Starting at the line that contains "GOLD TURQUOISE CRESENT MOON CHARM", output each line exactly as written through the end of the listing below, but leave out the pictures.
[The data — start]
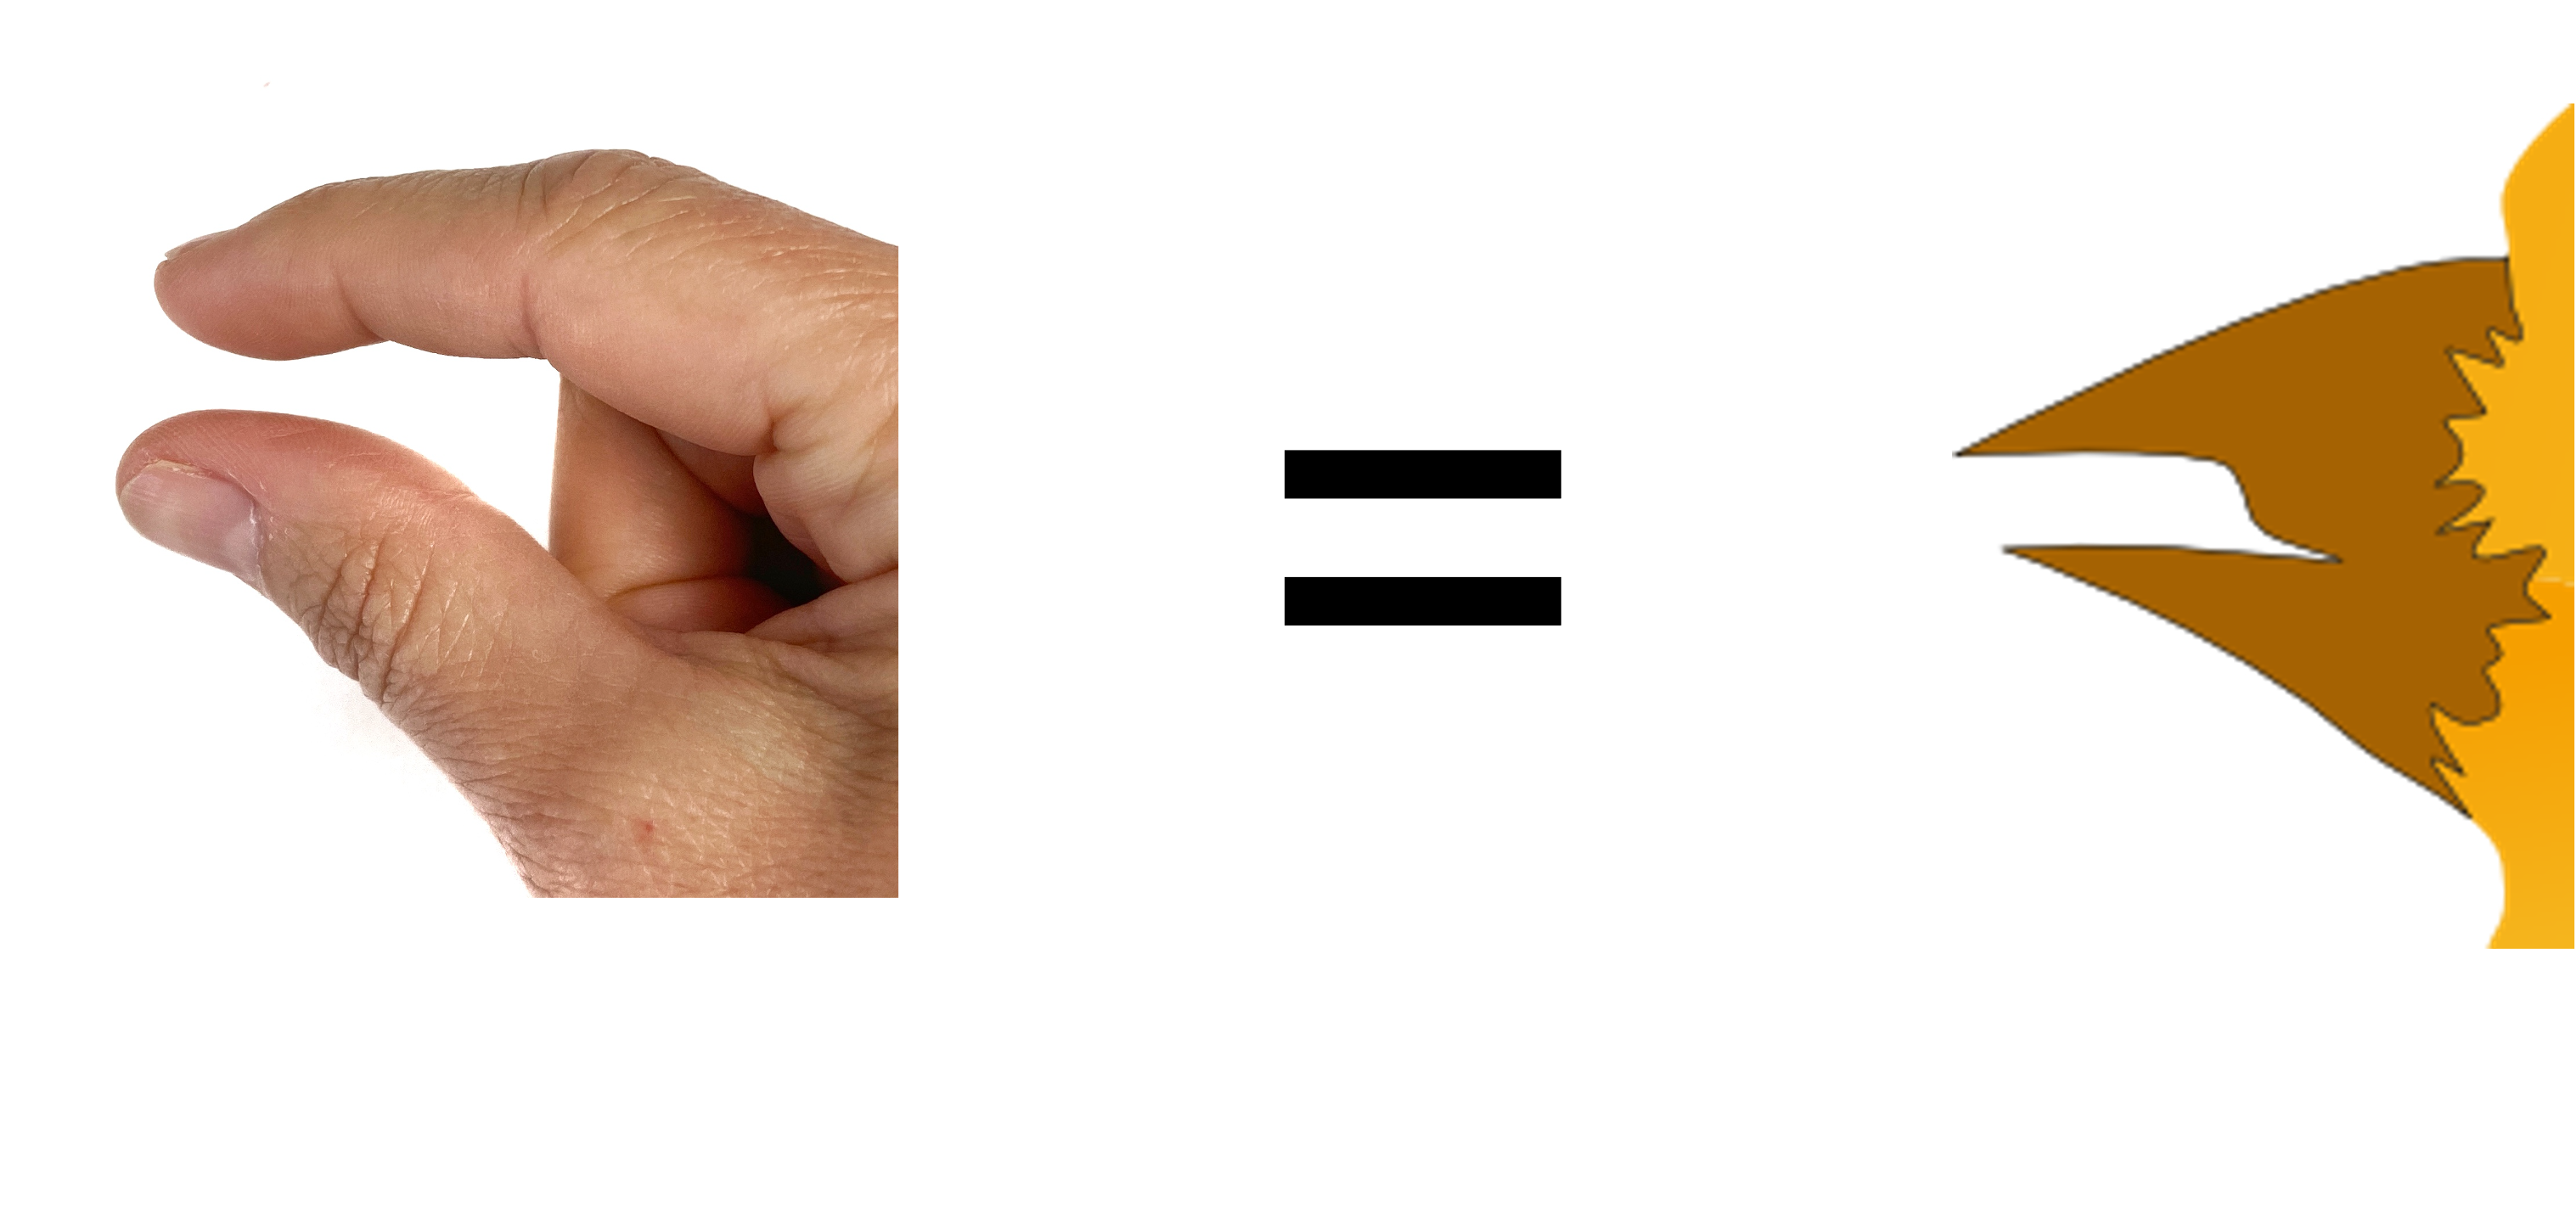 Pointer finger and thumb in a pincer grip representing a beak. Right: Drawing of a bird's beak shows a similar shape.
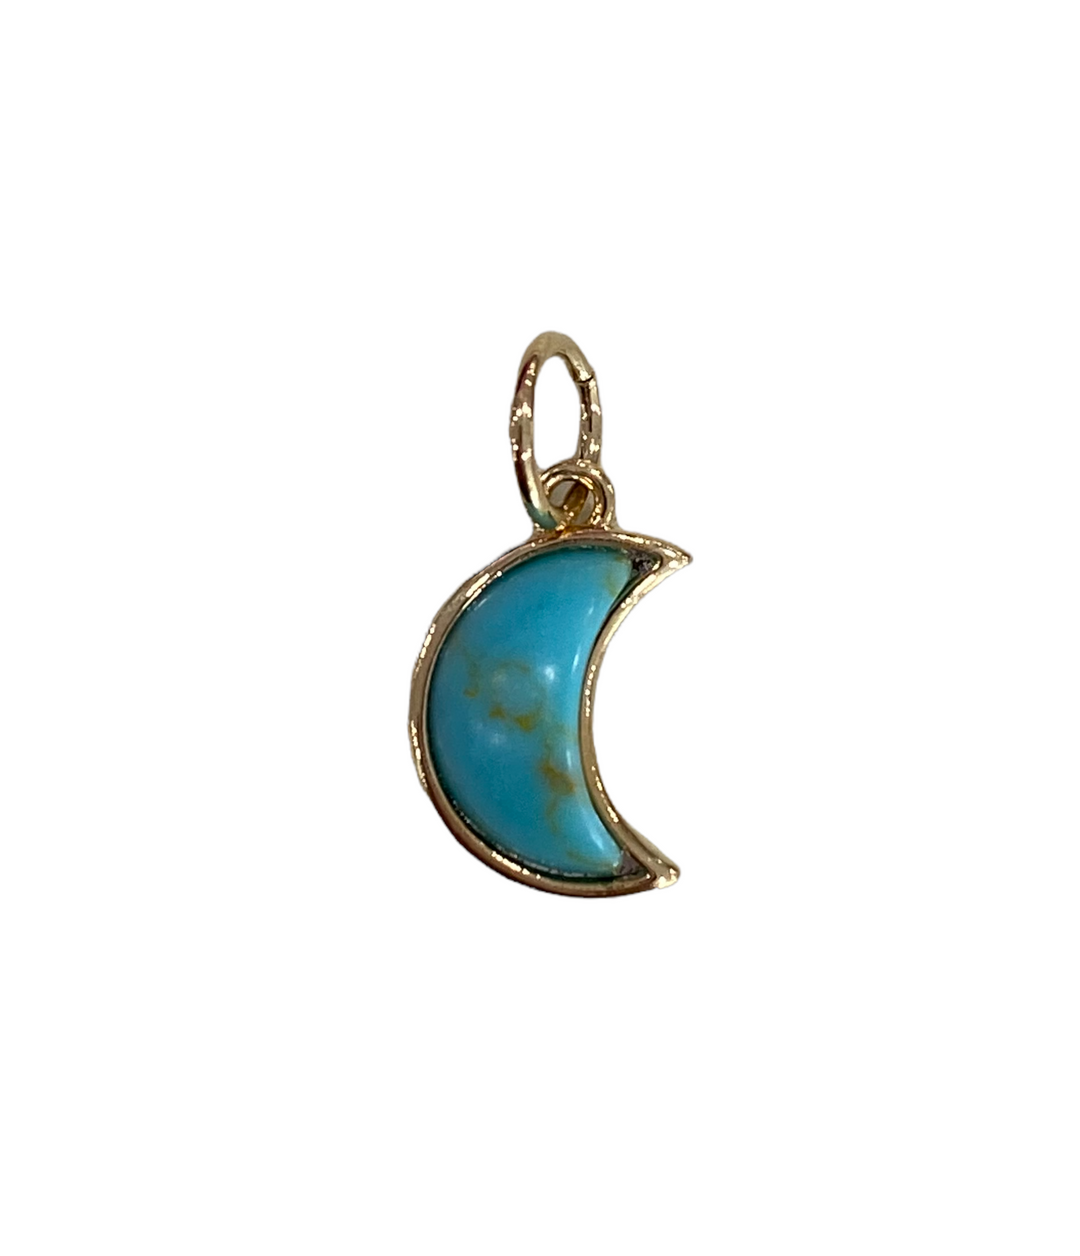 GOLD TURQUOISE CRESENT MOON CHARM
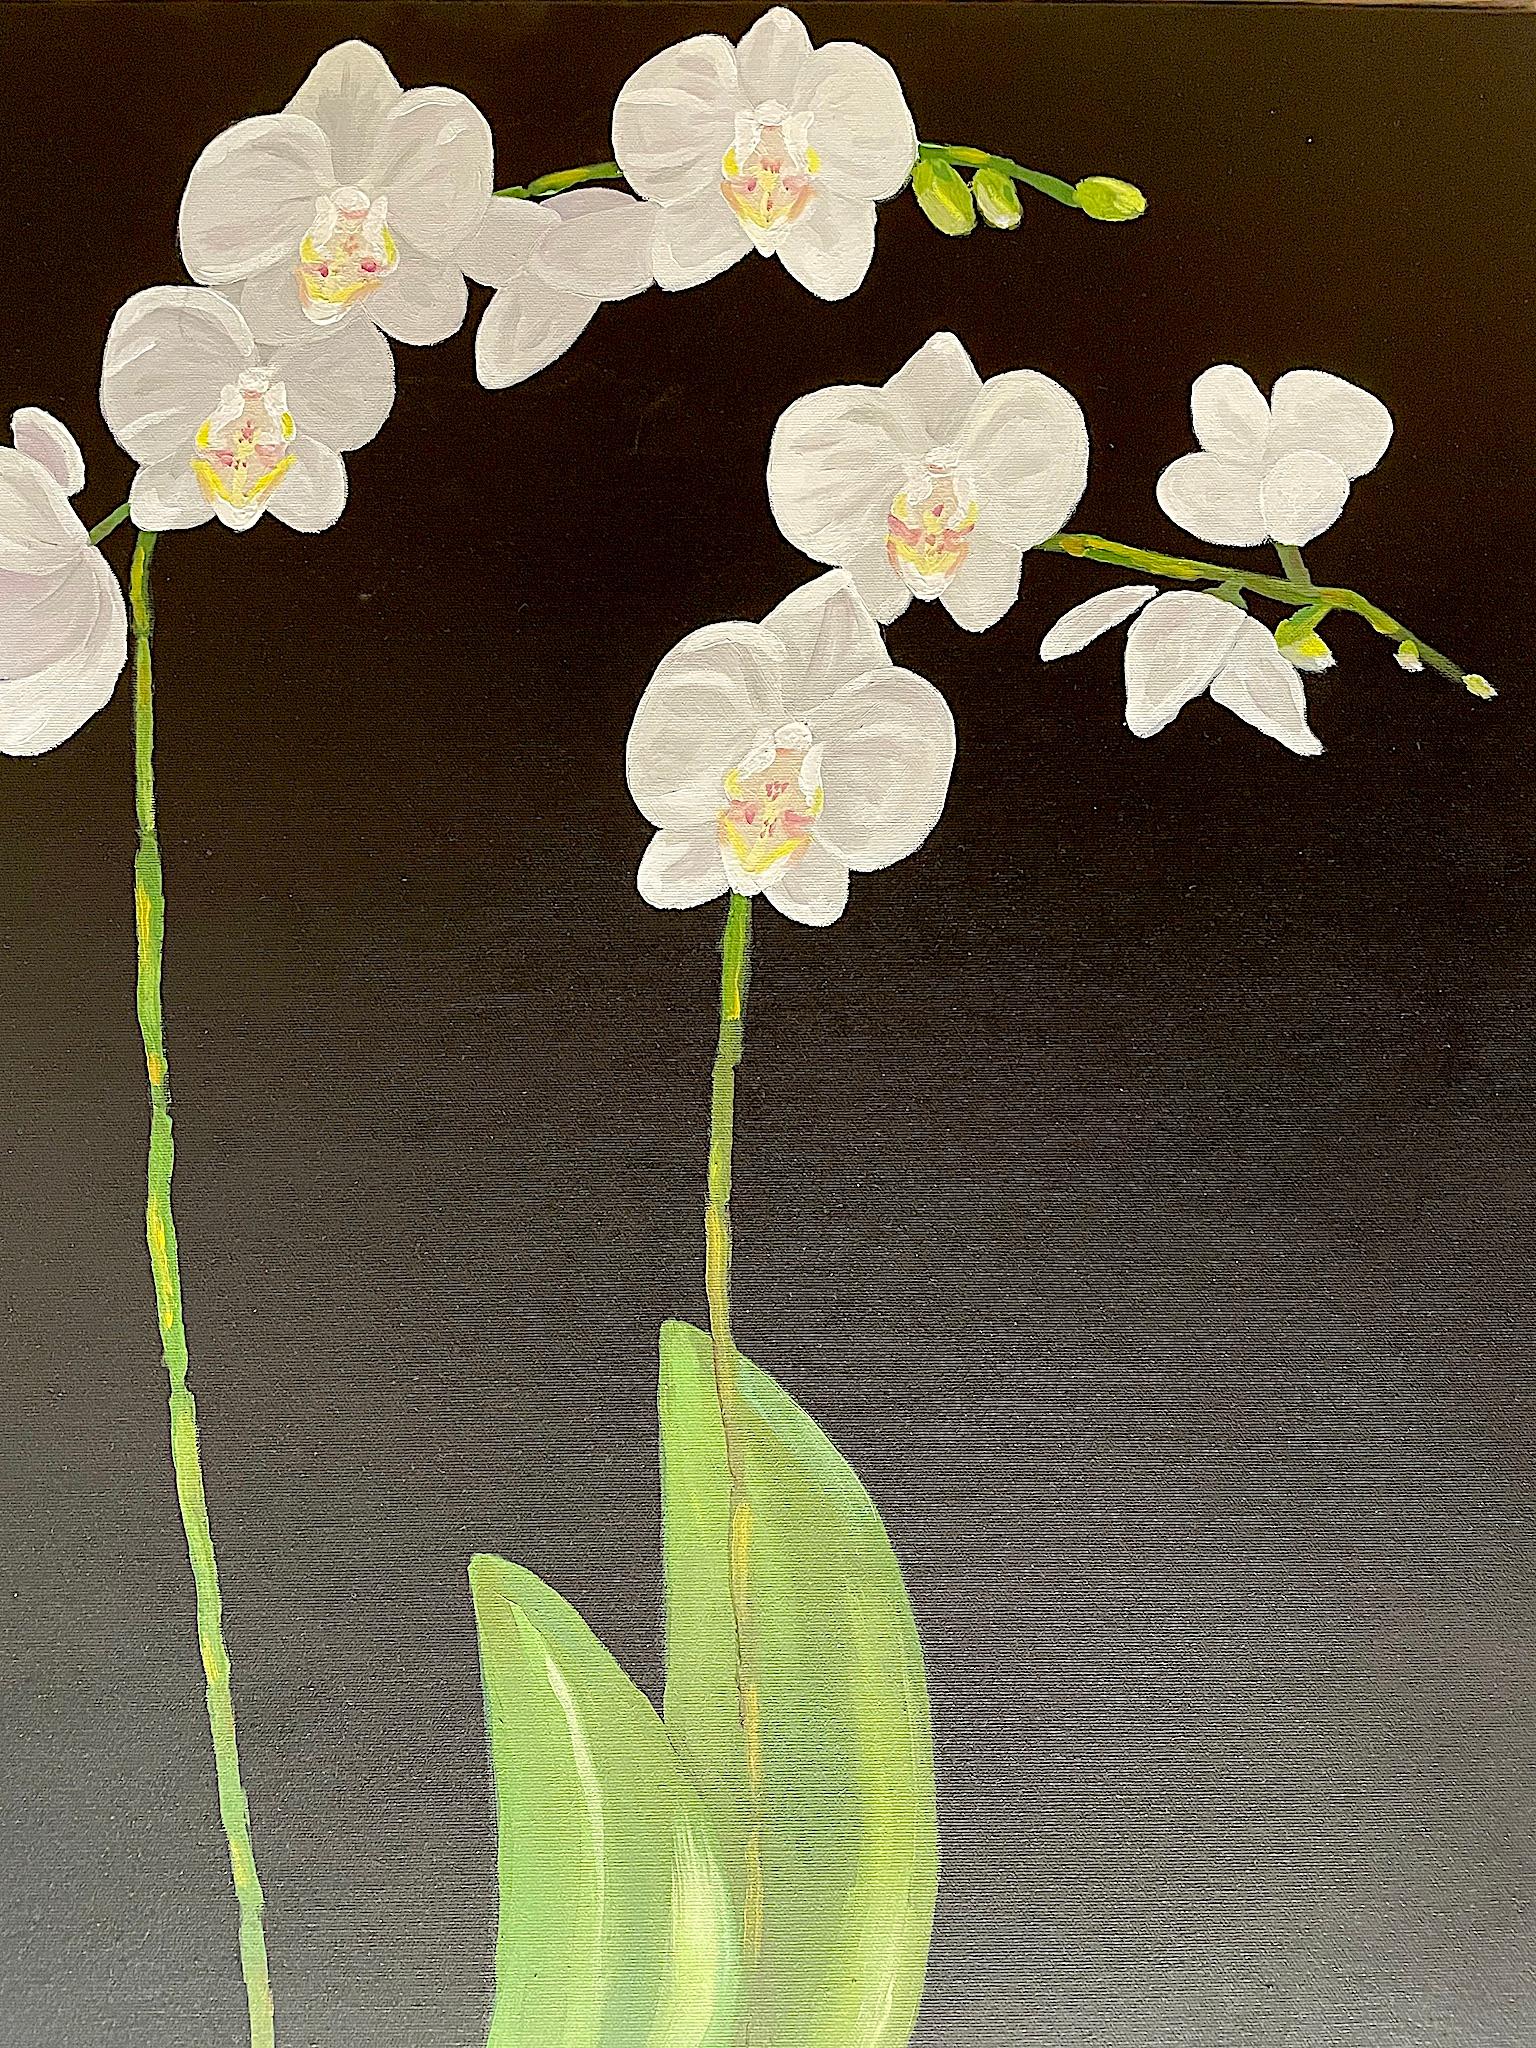 White Petals Standing on Tall Stems over Green Leaves. Title - Orchids - American Realist Painting by Ken Miller
[The data — finish]
- **Exercise result**:
 GOLD TURQUOISE CRESENT MOON CHARM
 White Petals Standing on Tall Stems over Green Leaves. Title - Orchids - American Realist Painting by Ken Miller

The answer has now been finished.